Imagine a Sales Team setup:
-
Profile gives all sales reps access to Leads and Opportunities
-
Permission Set allows team leads to view Sales Reports
-
Field-Level Security hides Cost of Goods Sold and Margin fields from all but the finance team
This layered approach ensures access is tailored to user needs without over-permissioning.
Quick Setup Guide
-
Create/Modify a Profile:
Go to Setup → Profiles → Select or create → Set Object Settings (CRUD) → Configure Tabs and System Permissions -
Create a Permission Set:
Go to Setup → Permission Sets → New → Add permissions → Assign users from Manage Assignments -
Set Field-Level Security:
Object Manager → Fields & Relationships → Select a field → Set Field-Level Security → Choose who can see/edit
Troubleshooting Access Issues
-
Permission Conflicts: Double-check both Profiles and assigned Permission Sets
-
Fields not visible: Check Field-Level Security, not just the page layout
-
General access issues: Use tools like “View User Permissions” or “Login As” to simulate the user experience
-
Security Health Check: Run this in Setup to identify risky settings or weak access configurations
Industry-Specific Scenarios
-
Finance: Restrict fields like Revenue or Account Balance using FLS. Profiles limit broader access, while Permission Sets handle edge cases.
-
Healthcare: Keep fields like Medical History or Test Results visible only to authorized users.
-
Marketing: Grant access to Campaign and Lead data while limiting view of closed deals and revenue numbers.
Best Practices to Follow
-
Start with minimum permissions and expand only when necessary
-
Document all permission configurations to track changes and prevent errors
-
Review security quarterly (or monthly for high-sensitivity environments)
-
Use Permission Set Groups to assign collections of permissions instead of managing them one by one
-
Stay updated with Salesforce releases to make use of newer security tools
Frequently Asked Questions
Q1: Can Permission Sets override Profile access?
Yes.

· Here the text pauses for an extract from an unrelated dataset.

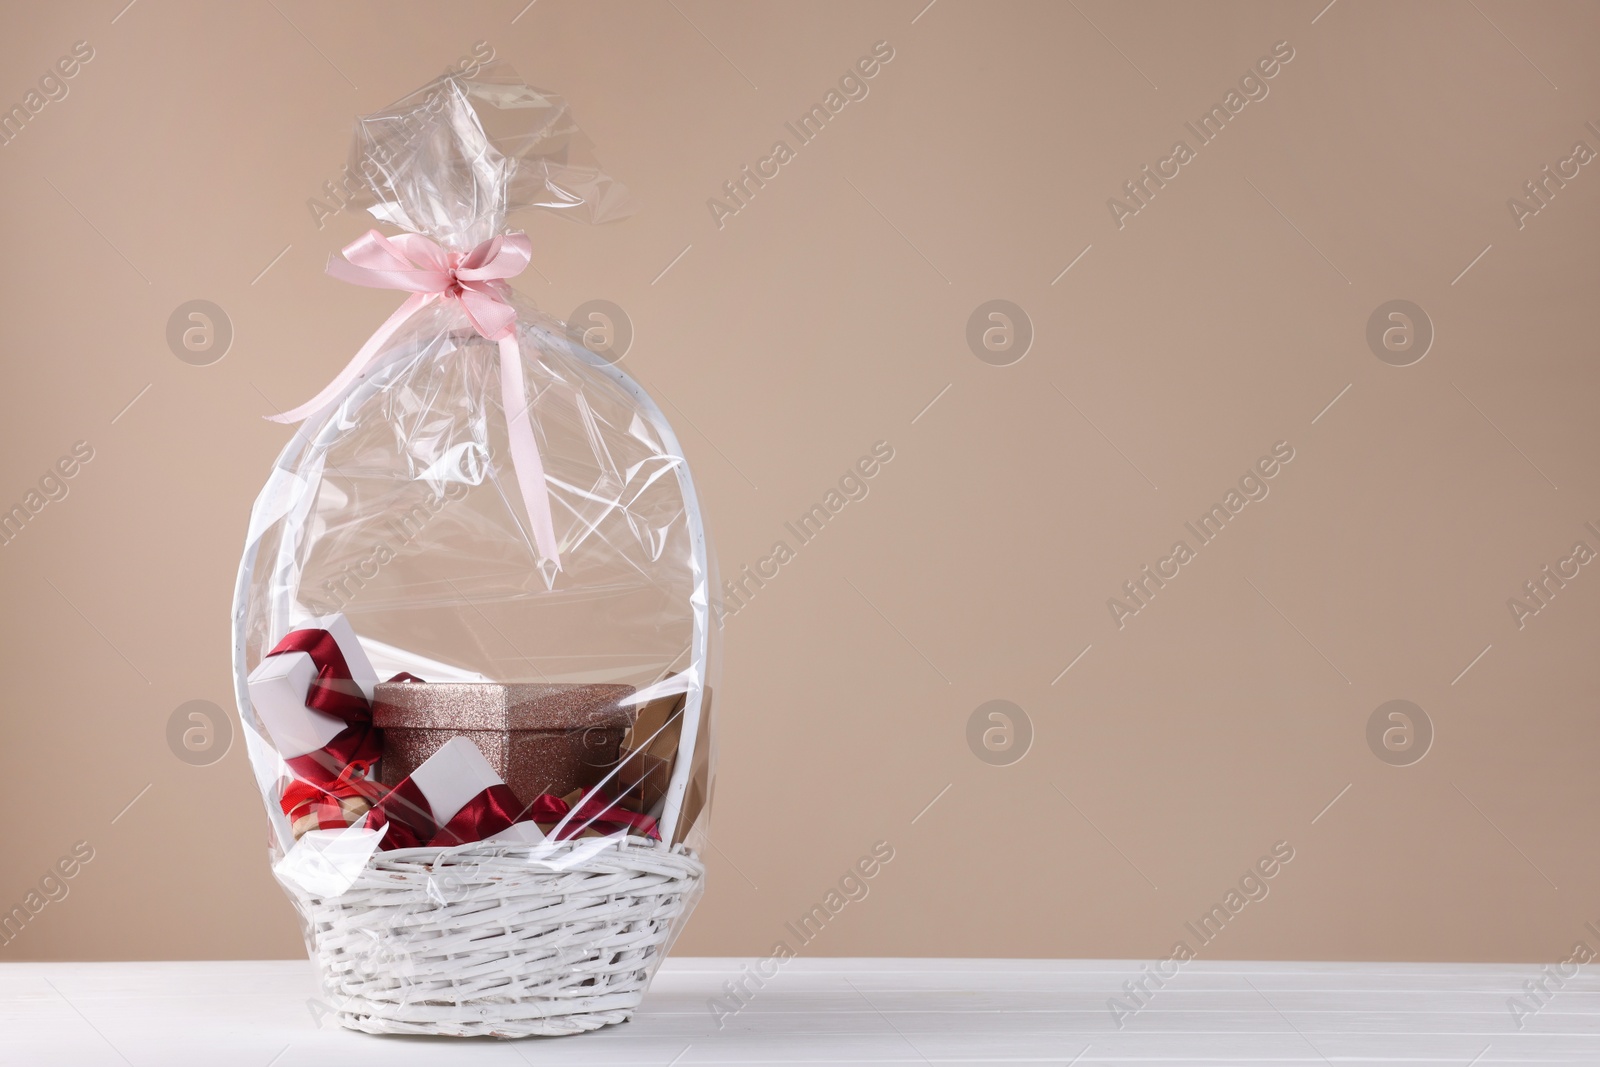 Photo of Wicker basket full of gift boxes on white table against beige background. Space for text

They can grant more access but cannot restrict what a Profile already provides.
Q2: How can I find out what permissions a user has?
Use “View User Permissions” on the user record to see both profile and permission set access.
Q3: What’s the best way to troubleshoot access issues?
Use the “Login As” feature to test, and double-check FLS, Profile, and Permission Set configurations.
Q4: Can I be notified of permission changes?
Not natively, but you can track permission changes using Audit Logs and manual reviews.
Q5: How often should we review permissions?
At least quarterly. For regulated industries, monthly reviews are a better choice.